[[ Data open ]]

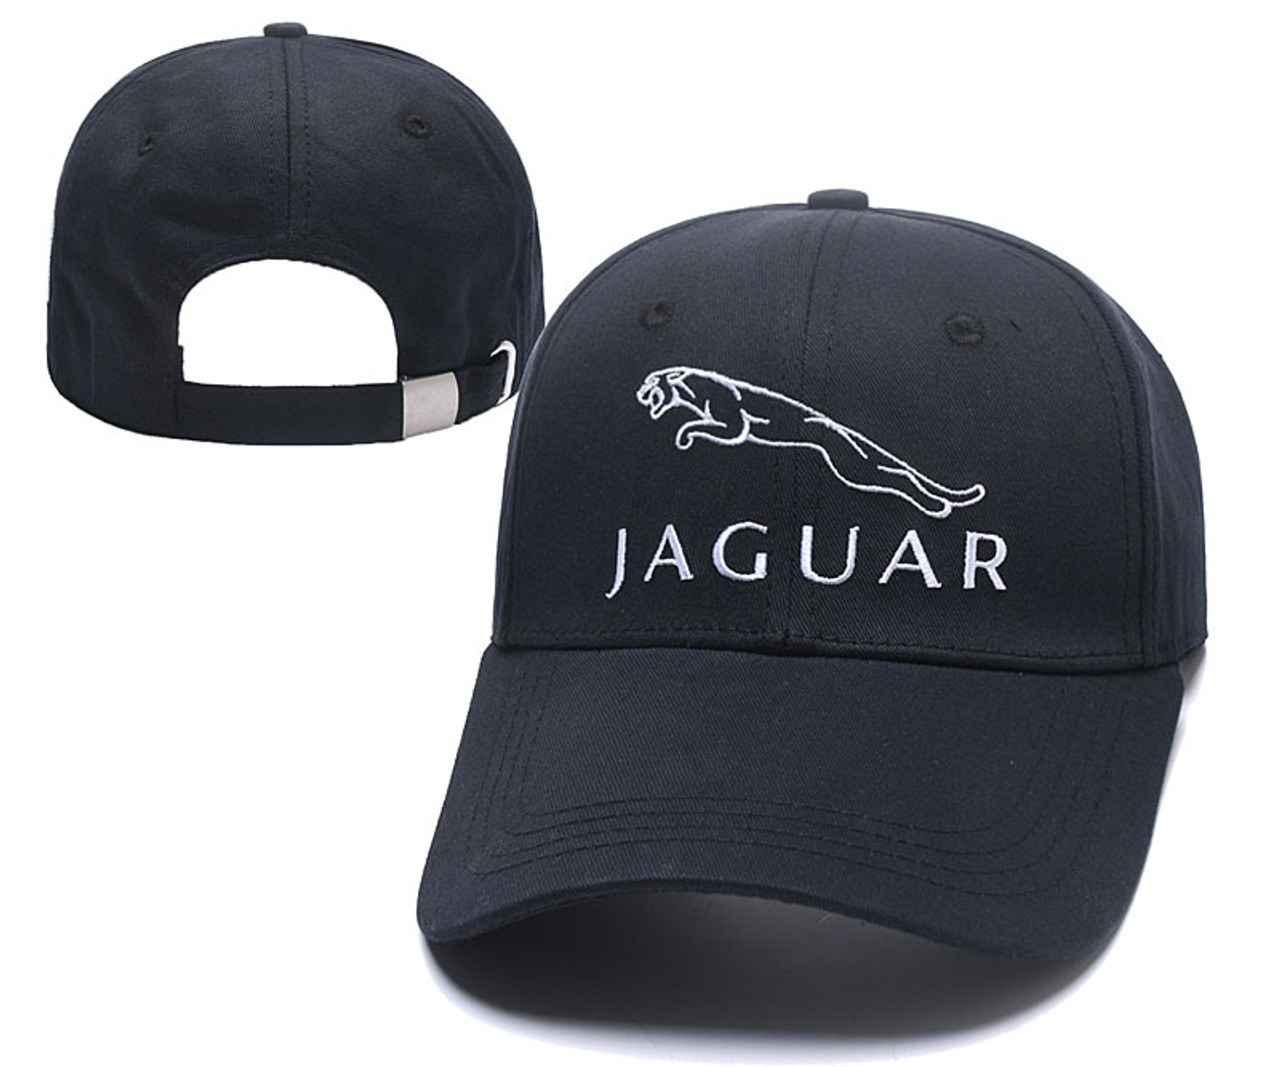 1298294f57b Jaguar car logo themed baseball Cap Embroidered Auto logo ajustable snapback  hood baseball cap
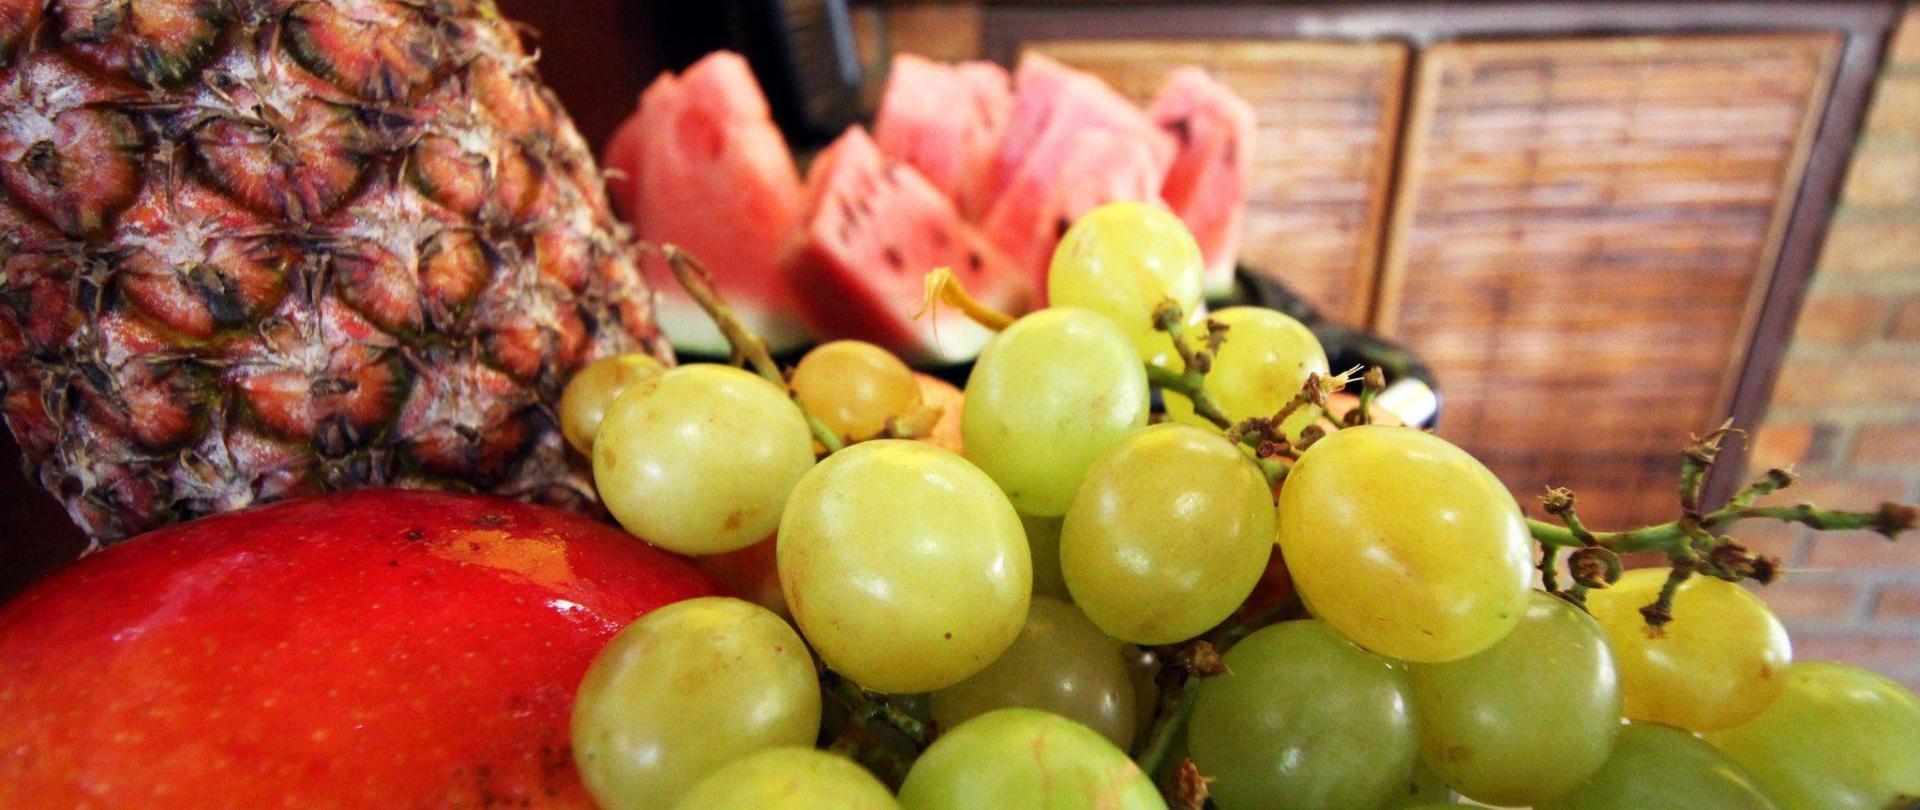 bf3-fruits.jpg
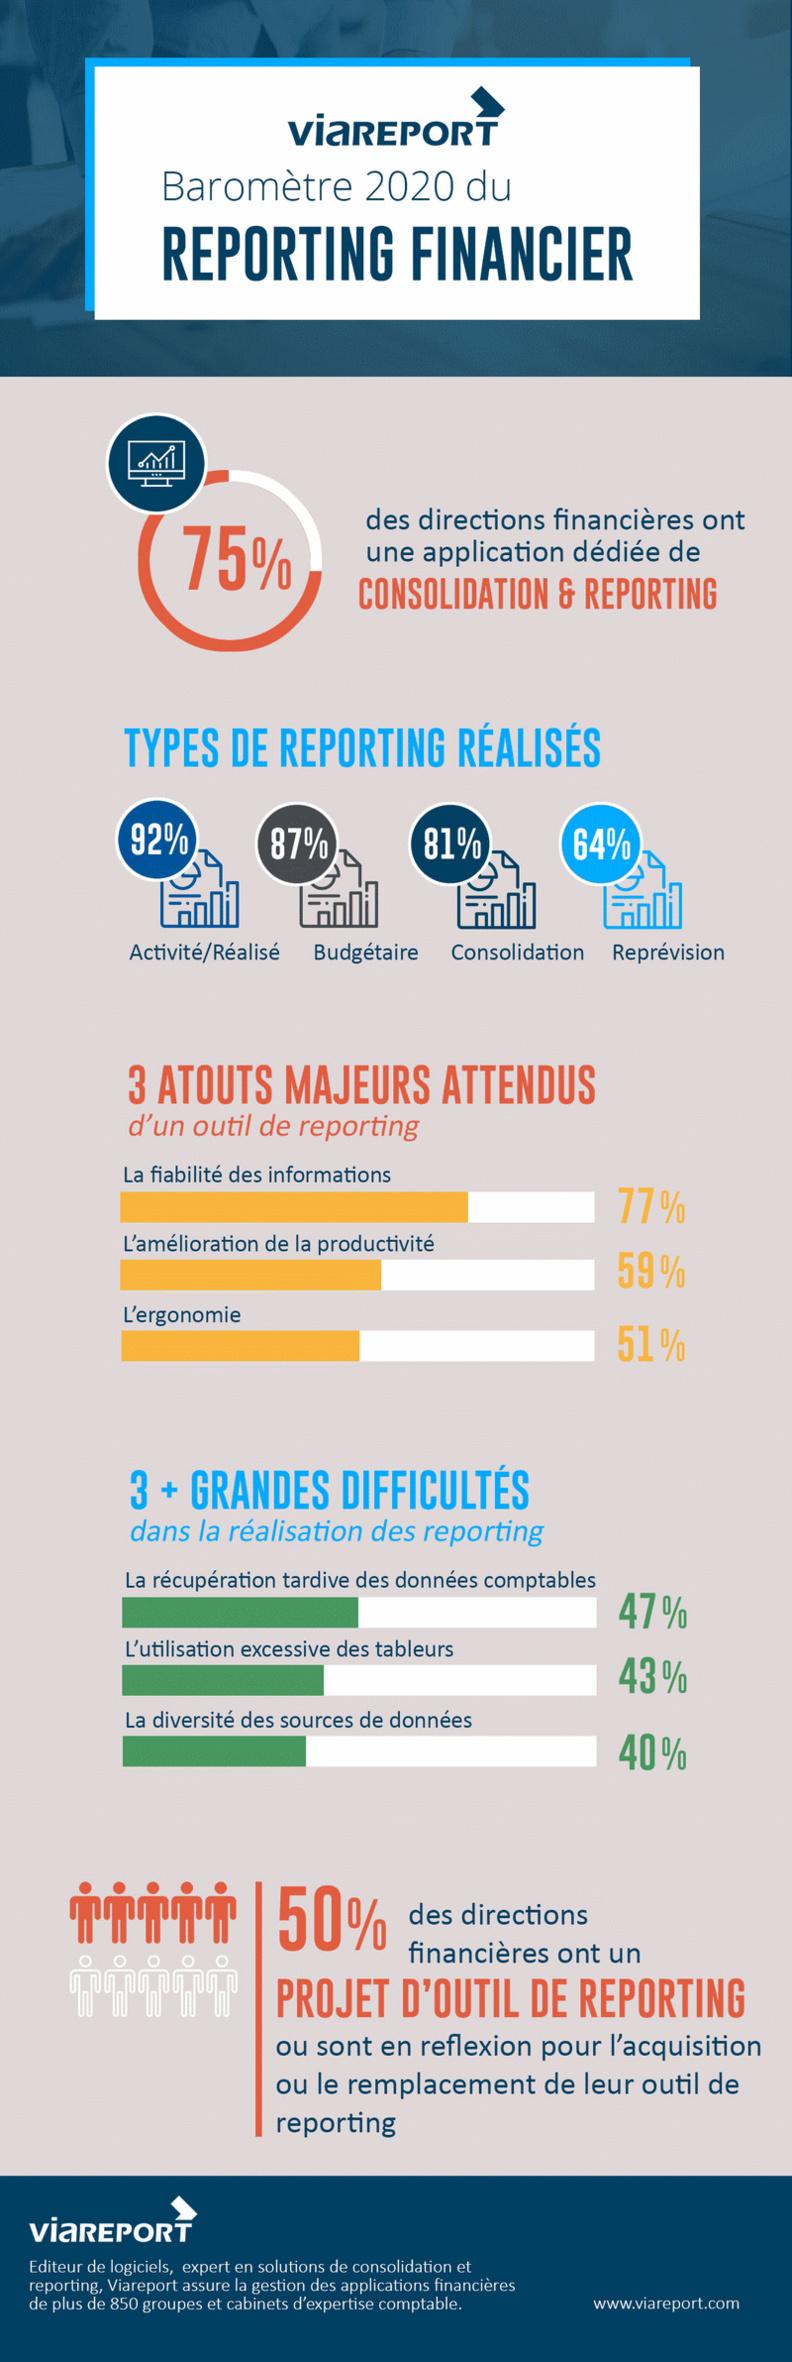 Viareport : premier baromètre du reporting financier

[[ Data closed ]]

## Problem details
The material above must be printed exactly, with its pictures left out.

## Task output
 1298294f57b Jaguar car logo themed baseball Cap Embroidered Auto logo ajustable snapback  hood baseball cap
 bf3-fruits.jpg
 Viareport : premier baromètre du reporting financier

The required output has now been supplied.